Kulanu stays in Knesset; Gesher out

The three exit polls found that Kulanu narrowly passed the 3.25% electoral threshold, while Gesher did not.

Gesher chair Orly Levy-Abekasis gestures during a speech launching her party's campaign, March 3rd, 2019 (photo credit: AVSHALOM SASSONI/ MAARIV)
Gesher chair Orly Levy-Abekasis gestures during a speech launching her party's campaign, March 3rd, 2019
(photo credit: AVSHALOM SASSONI/ MAARIV)
One socioeconomic party will remain in the Knesset while the other will be on the outside looking in, according to exit polls broadcast on Tuesday night.
The three exit polls found that Kulanu narrowly passed the 3.25% electoral threshold, while Gesher did not.
Finance Minister Moshe Kahlon sent a message to supporters of his Kulanu Party earlier Tuesday, pleading with them to vote and to enable him to remain in charge of the Treasury. Kahlon said that other parties could afford to lose a seat or two. But if his party did not have enough support, he would be unlikely to keep his plum post.
“We are in the moment of truth,” Kahlon said. “It is not a game. We could wake up tomorrow with a merciless government that lacks socioeconomic sensitivity and does not care about senior citizens, the handicapped or the young families.”

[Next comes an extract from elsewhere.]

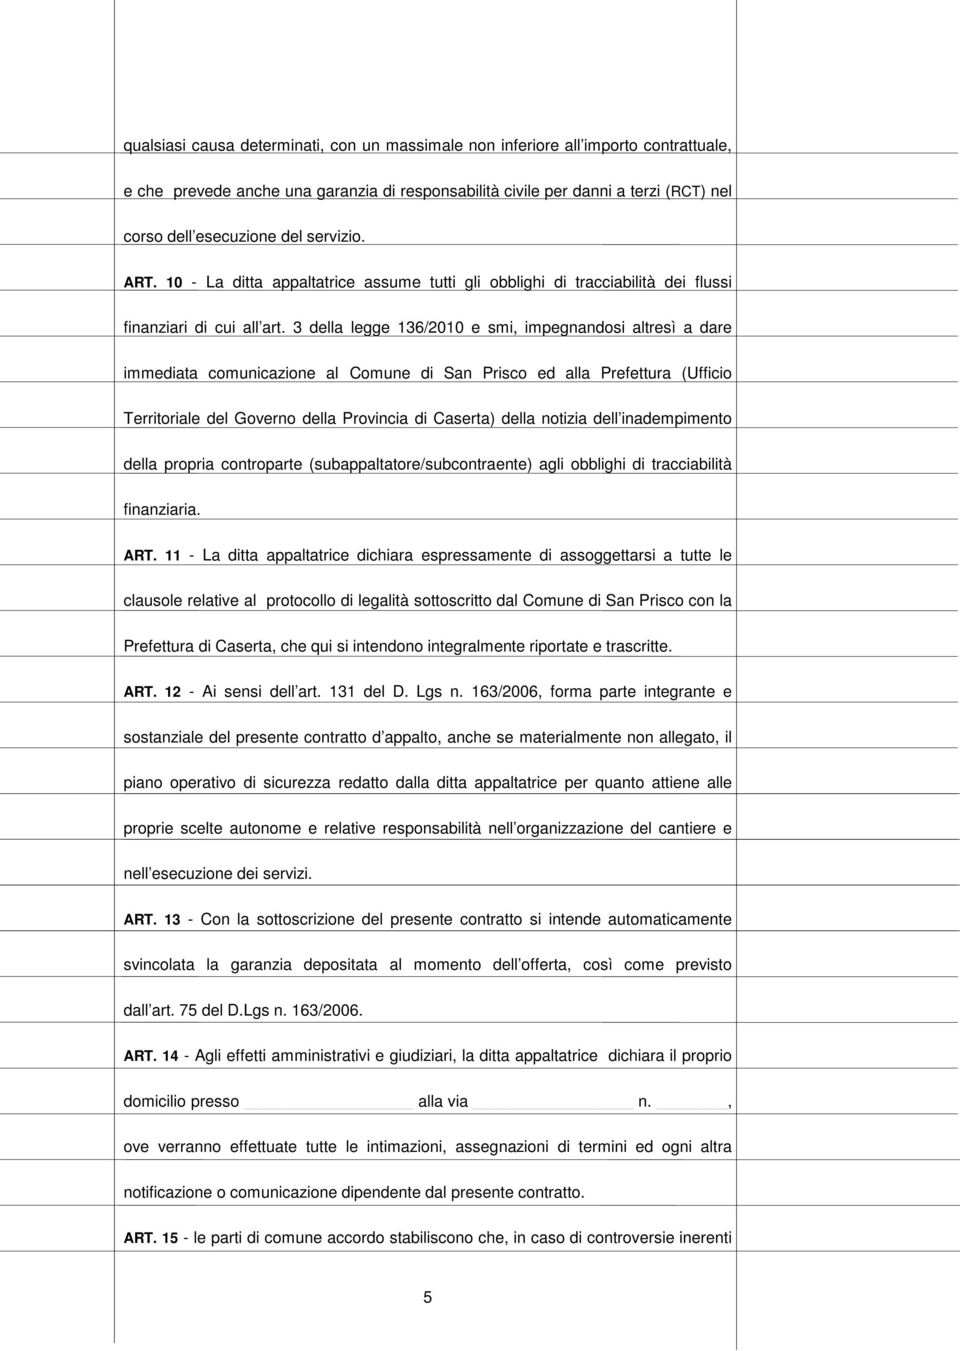 3 della legge 136/2010 e smi, impegnandosi altresì a dare immediata comunicazione al Comune di San Prisco ed alla Prefettura (Ufficio Territoriale del Governo della Provincia di Caserta) della

Kahlon said Kulanu helped young families by subsidizing a longer school day, nursery school education and special saving funds for each child.
“All of these things are in danger,” Kahlon warned. “If Kulanu is not strong enough, all of these things will be canceled. That is why I ask you at the last moment to go out and vote and bring your friends and family. Every vote could make a difference in enabling me to remain finance minister.”
Kahlon started his morning in the poor Hadera neighborhood of Givat Olga, where he said he recalled that his late mother told him never to forget where he came from.
Gesher leader Orly Levy-Abecassis received a blessing from her father, former foreign minister David Levy, in her childhood home in Beit She’an before voting with her children near her home in the nearby Kibbutz Reshafim.